Exercise data section start
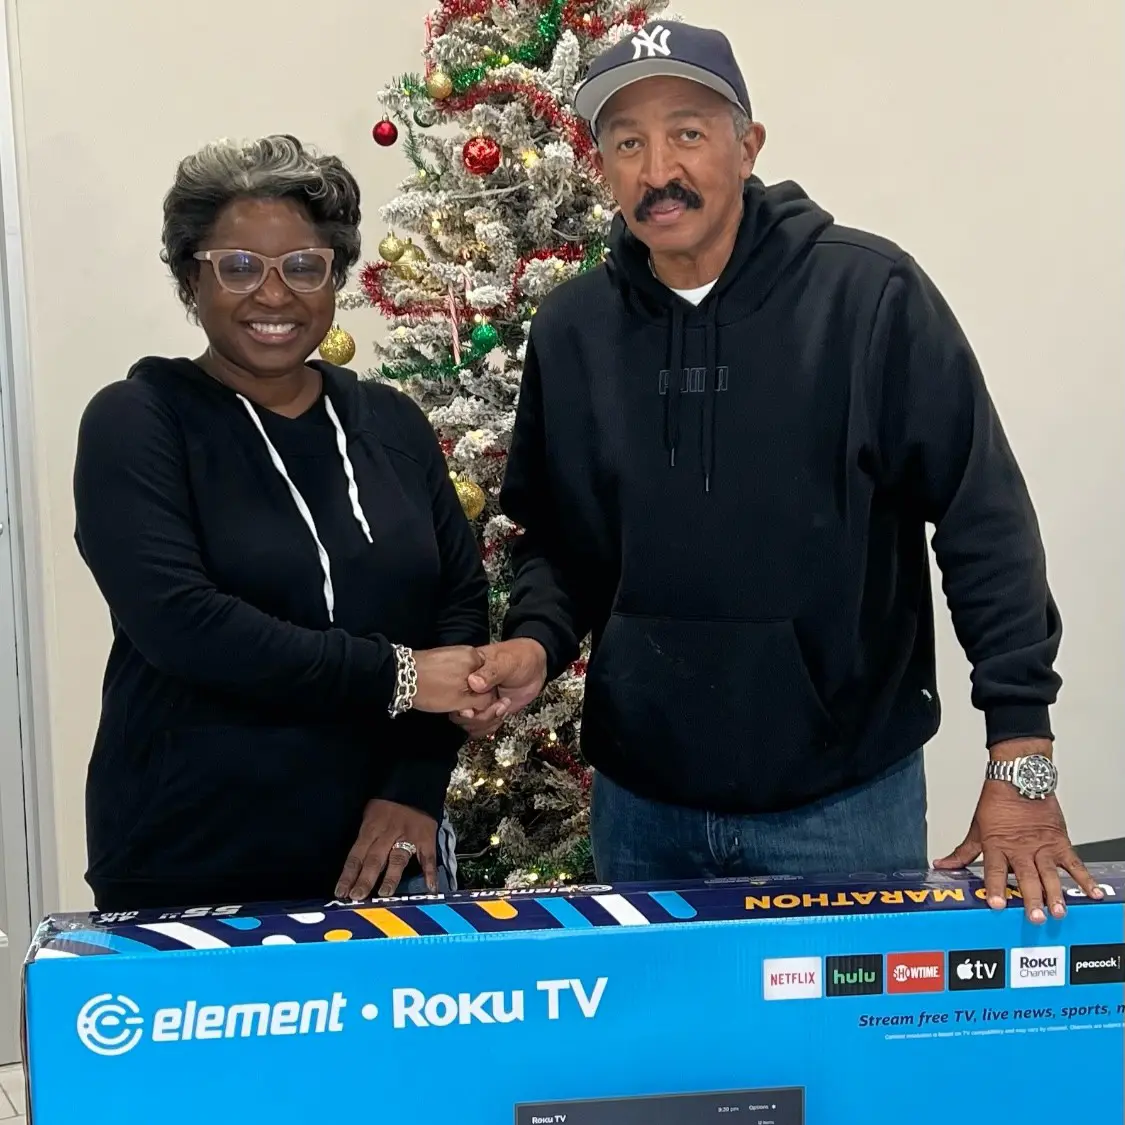 Woman and man shaking hands posing with an Element TV box
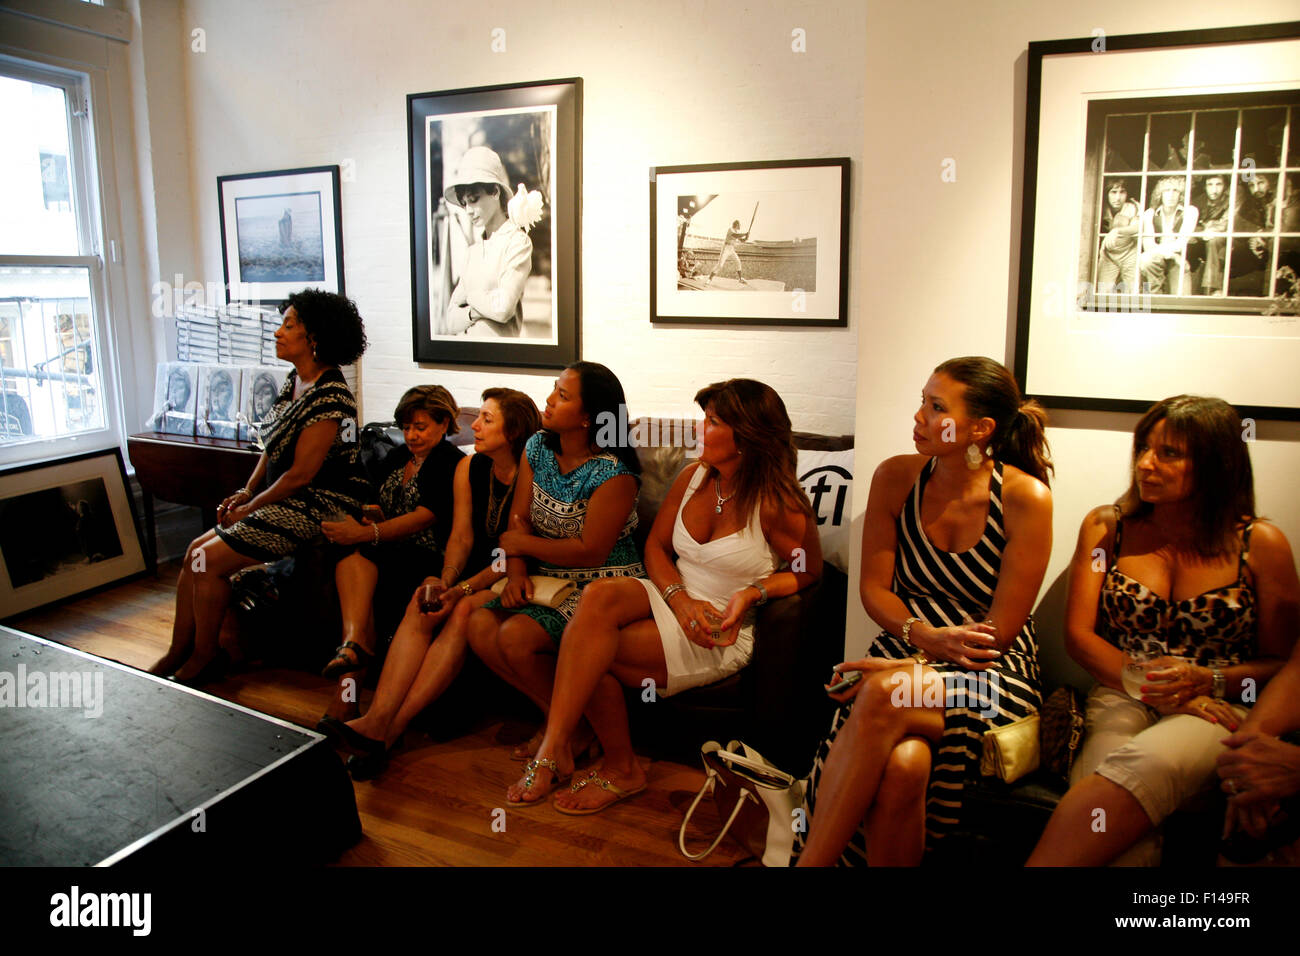 New York, USA. 26th August, 2015. Audience listens to a conversation between Tennis legend Billie Jean King and british photographic legend Terry O'Neil during a reception at New York's Morrison Hotel Gallery in Soho on August 27th, 2015.   The event sponsored by Citibank was to promote a show and book by O'Neil who photographed King and other celebrities extensively in the 1970's and 80's.  Images of celebrities photographed by O'Neil, including Audrey Hepburn, Elton John and The Who, hang above the audience, Credit:  Adam Stoltman/Alamy Live News Stock Photo
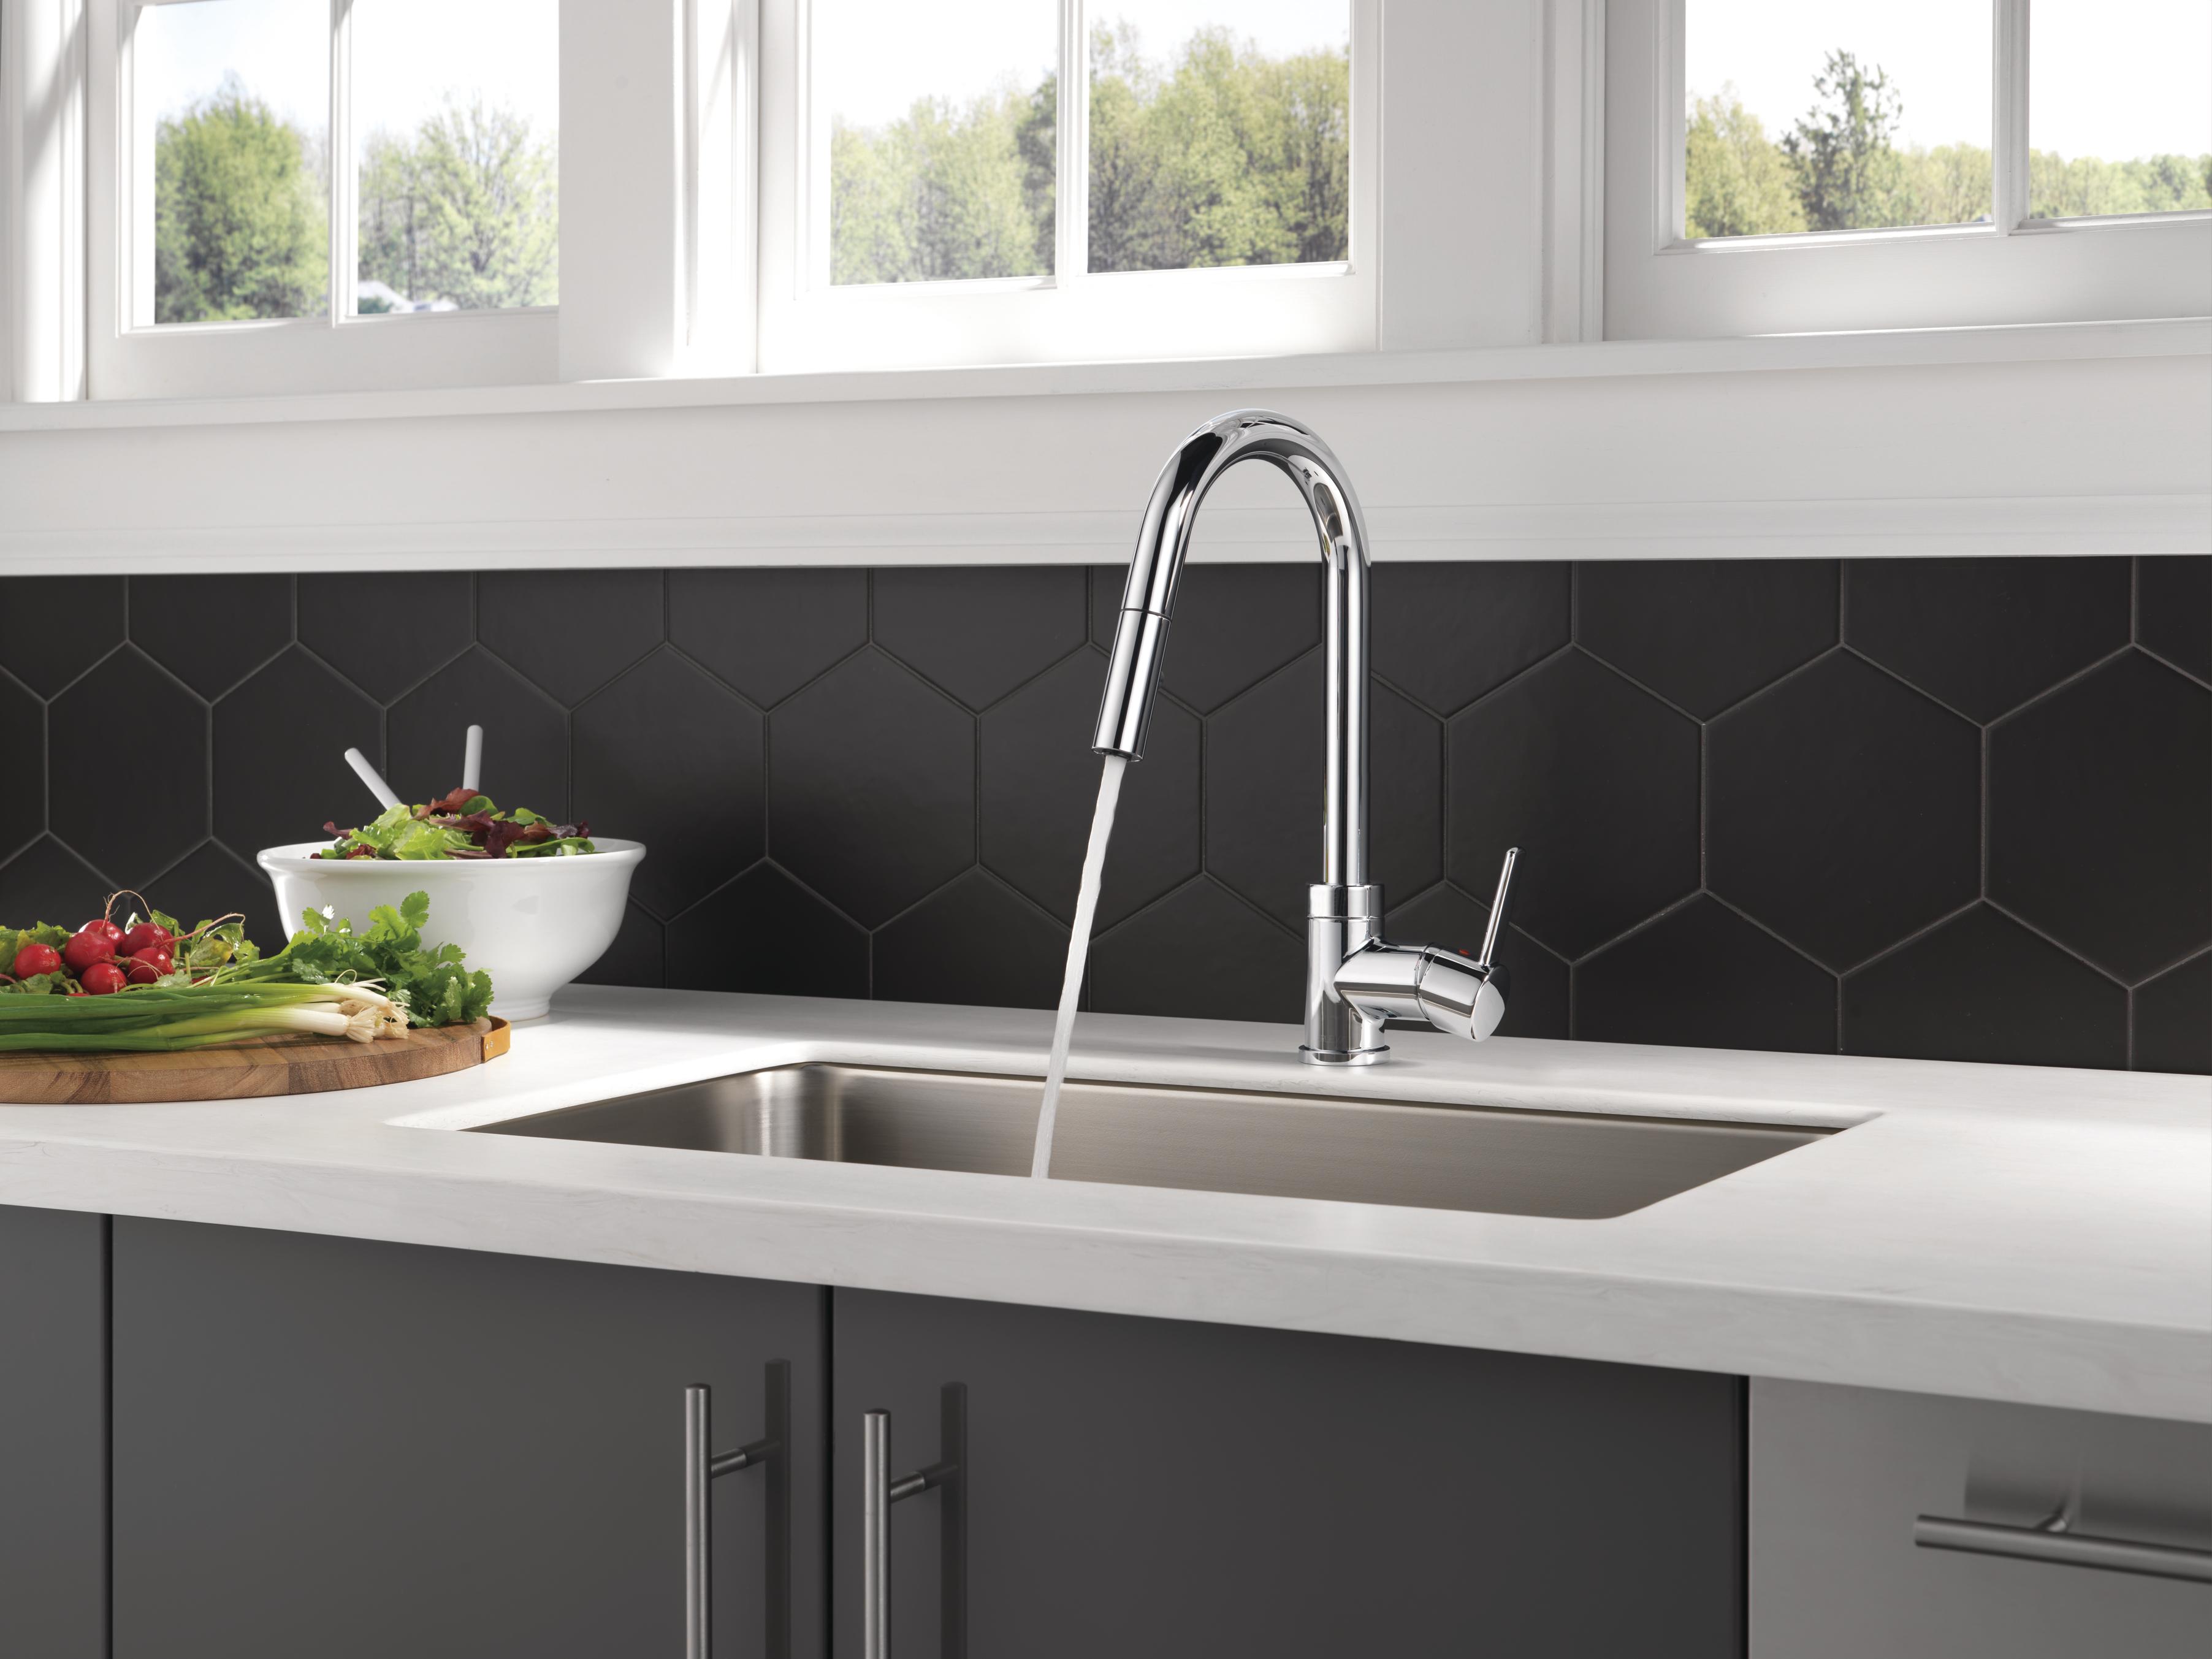 Peerless Precept Single Handle Pull-Down Sprayer Kitchen Faucet in Chrome P188152LF - image 3 of 15
Exercise data section end
* Task directions
Would you retype all the lines shown above, exactly as written and without any picture?

* Result of the exercise
 Woman and man shaking hands posing with an Element TV box
 New York, USA. 26th August, 2015. Audience listens to a conversation between Tennis legend Billie Jean King and british photographic legend Terry O'Neil during a reception at New York's Morrison Hotel Gallery in Soho on August 27th, 2015.   The event sponsored by Citibank was to promote a show and book by O'Neil who photographed King and other celebrities extensively in the 1970's and 80's.  Images of celebrities photographed by O'Neil, including Audrey Hepburn, Elton John and The Who, hang above the audience, Credit:  Adam Stoltman/Alamy Live News Stock Photo
 Peerless Precept Single Handle Pull-Down Sprayer Kitchen Faucet in Chrome P188152LF - image 3 of 15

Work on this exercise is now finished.